## What you are asked to do
Without including any pictures, reproduce all the lines below word for word.

## Data shown
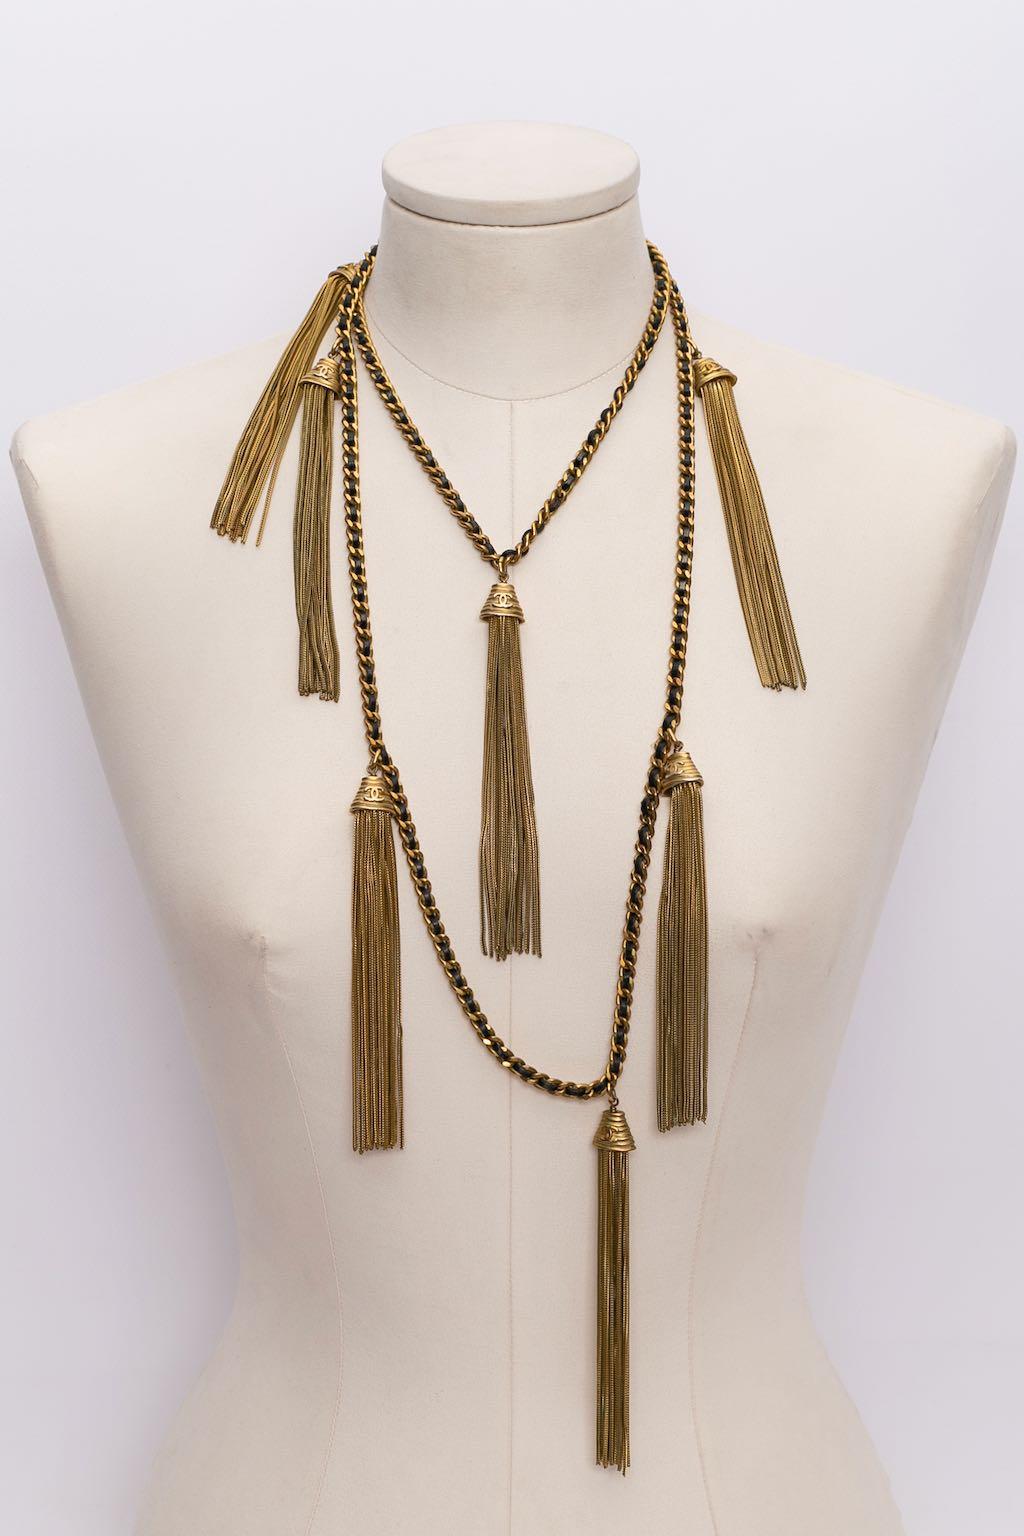 Chanel - (Made in France) Long necklace made of a gilted metal chain entwined with black leather, and adorned with tassels. Fall-Winter 1994 collection.

Additional information:
Condition: Very good condition
Dimensions: Length: 122 cm (48.03

## Response to this task
 Chanel - (Made in France) Long necklace made of a gilted metal chain entwined with black leather, and adorned with tassels. Fall-Winter 1994 collection.

Additional information:
Condition: Very good condition
Dimensions: Length: 122 cm (48.03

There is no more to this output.